Eric Thayer | Bloomberg | Getty Images
Overall, demand for mortgages weakened further last week, even as interest rates fell slightly. However, those still in the market are increasingly turning to variable rate loans to get the lowest interest rate possible.
Total mortgage application volume fell 4.7% last week from the previous week, according to the Mortgage Bankers Association’s seasonally adjusted index.
The average contract interest rate for 30-year fixed-rate mortgages with conforming loan balances of $806,500 or less decreased to 6.43% from 6.46%, with points falling from 0.61 to 0.60, including origination fees, for loans with a 20% down payment. The rate was only 7 basis points lower the same week a year ago.

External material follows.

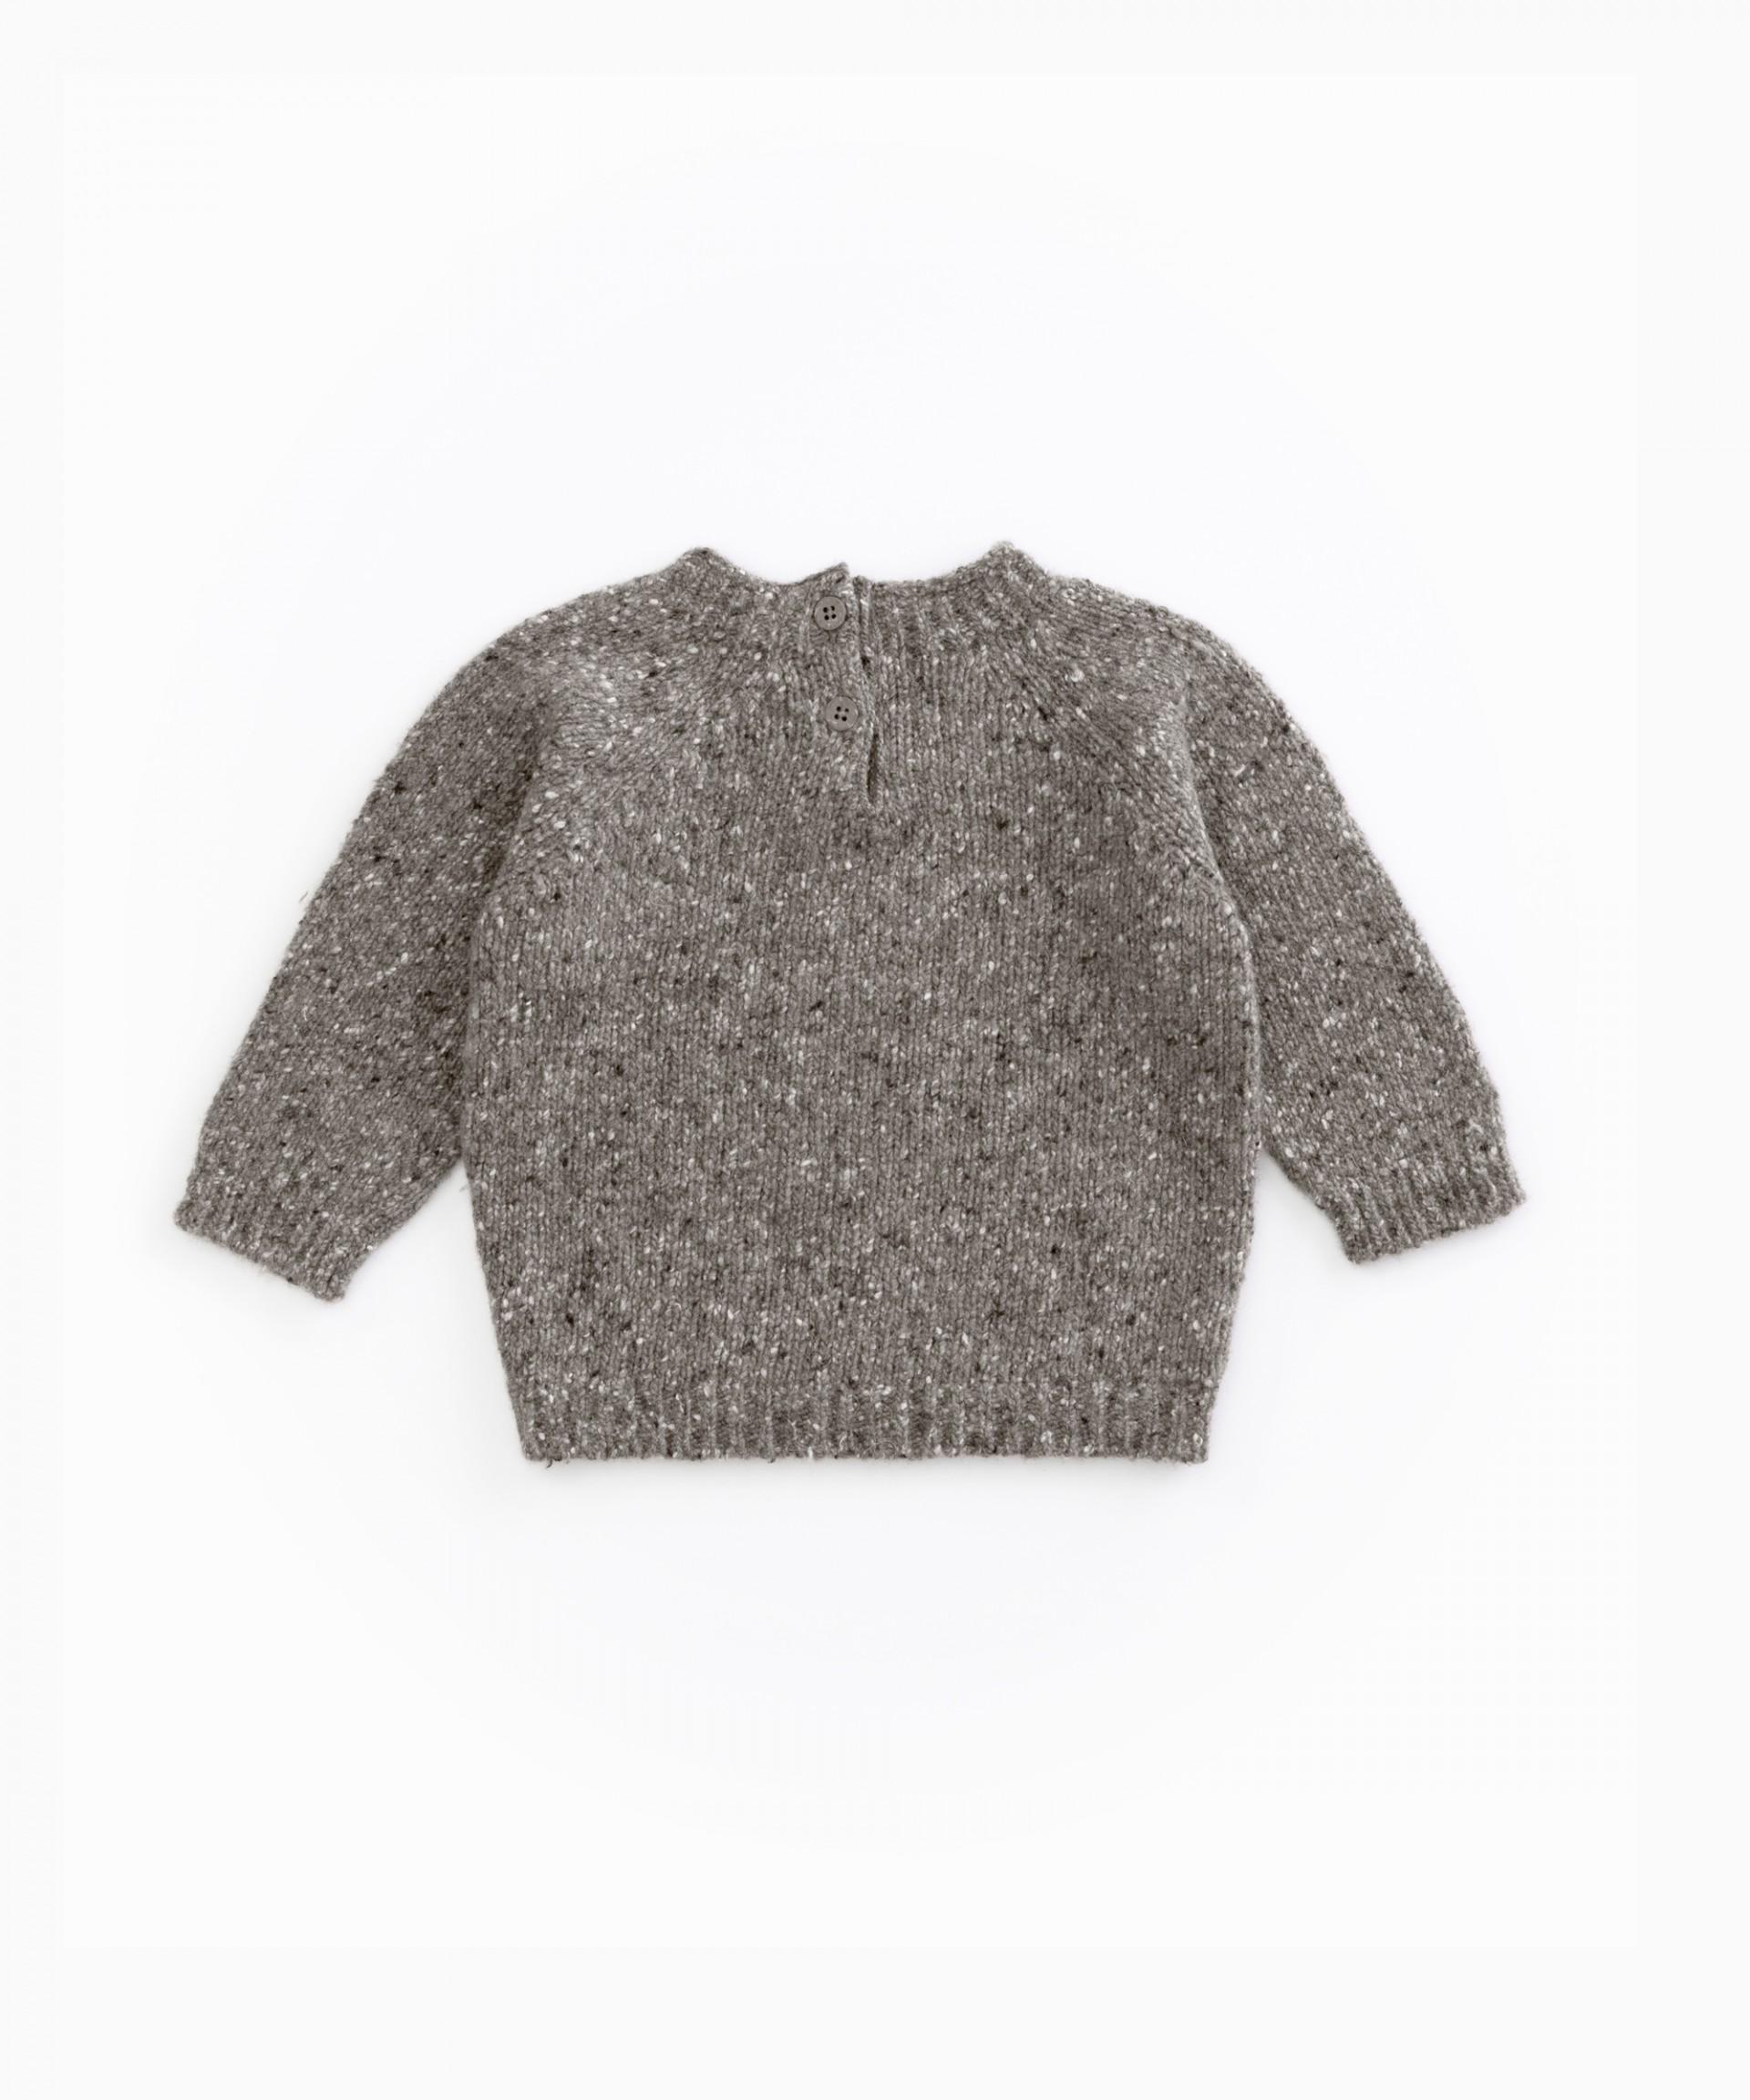 Jersey tricot con botones de coco | Woodwork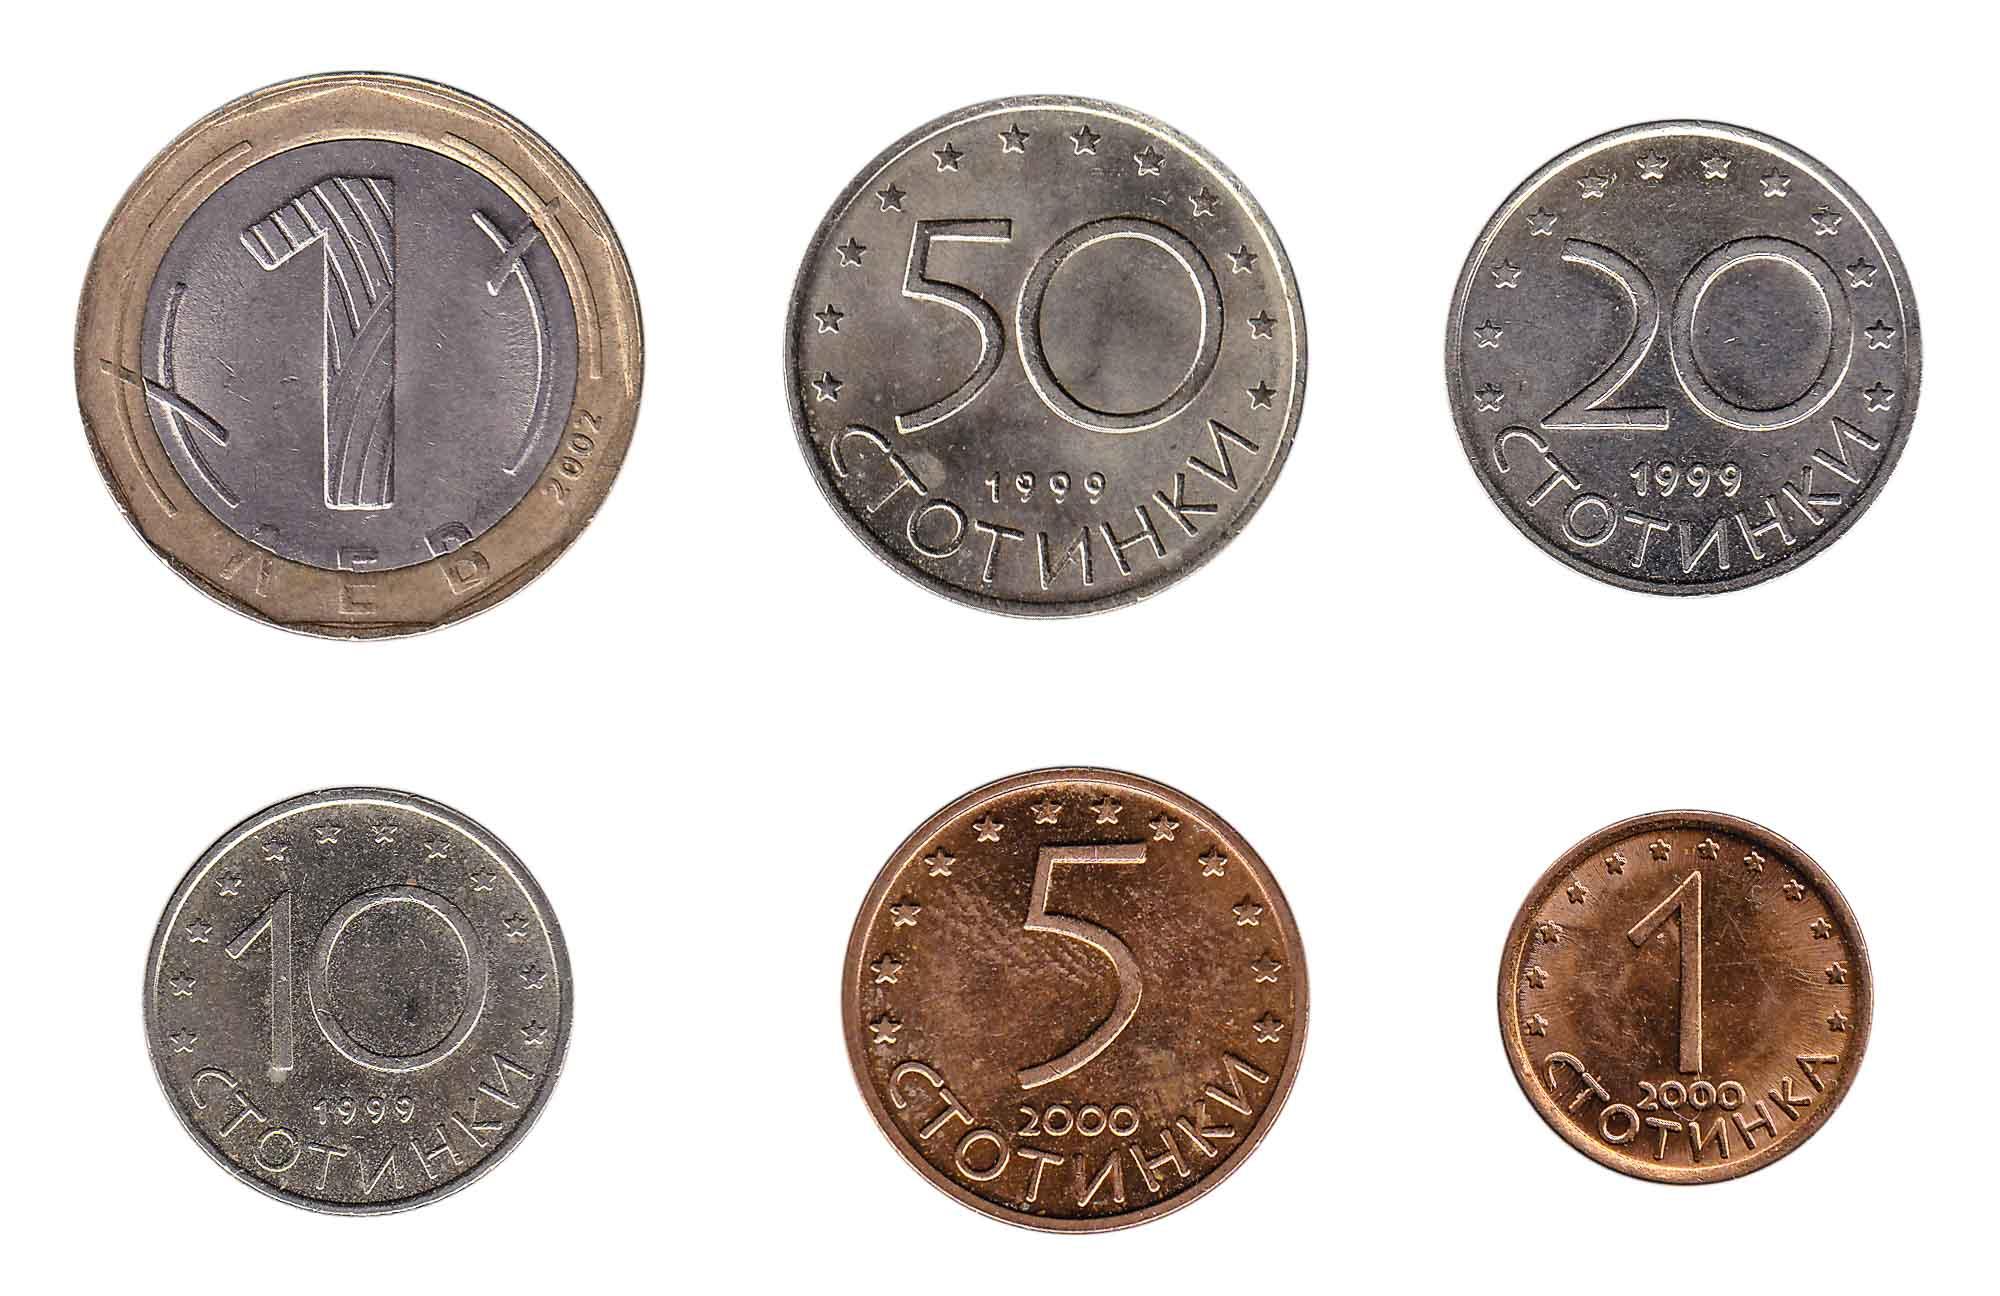 Bulgarian lev coins

Requests for refinancing a home loan, which had increased sharply in mid-September then declined two weeks ago, fell again last week, down 8%. Refinancing demand is still 18% higher than it was the same week a year ago.
“With mortgage rates on fixed-rate loans changing little last week, refinance application activity generally declined, with the exception of a slight increase for FHA refinance applications,” said Mike Fratantoni, MBA senior vice president and chief economist.
Mortgage applications to buy a home fell 1% over the week and rose 14% year over year. Buying demand hasn’t changed much in recent months as potential buyers face high prices and growing uncertainty in the economy. While the supply of homes for sale is higher than it was a year ago, more sellers are delisting their properties or choosing to wait before listing them.
For those purchasing or refinancing, slightly riskier adjustable-rate mortgages are gaining popularity because they offer lower interest rates. ARM rate terms can be fixed for up to 10 years, but the loans are considered riskier because they can adjust higher based on market conditions when the fixed term expires.
“The ARM share increased to 9.5 percent last week, up from 8.4 percent the week before. Our survey shows that 5/1 ARM rates are on average nearly a percentage point below 30-year fixed rates, and this gap is leading more homebuyers and refinancers to consider ARMs,” Fratantoni said.
Mortgage rates didn’t do much early this week as the lack of government data on the economy due to the shutdown kept bond markets relatively calm.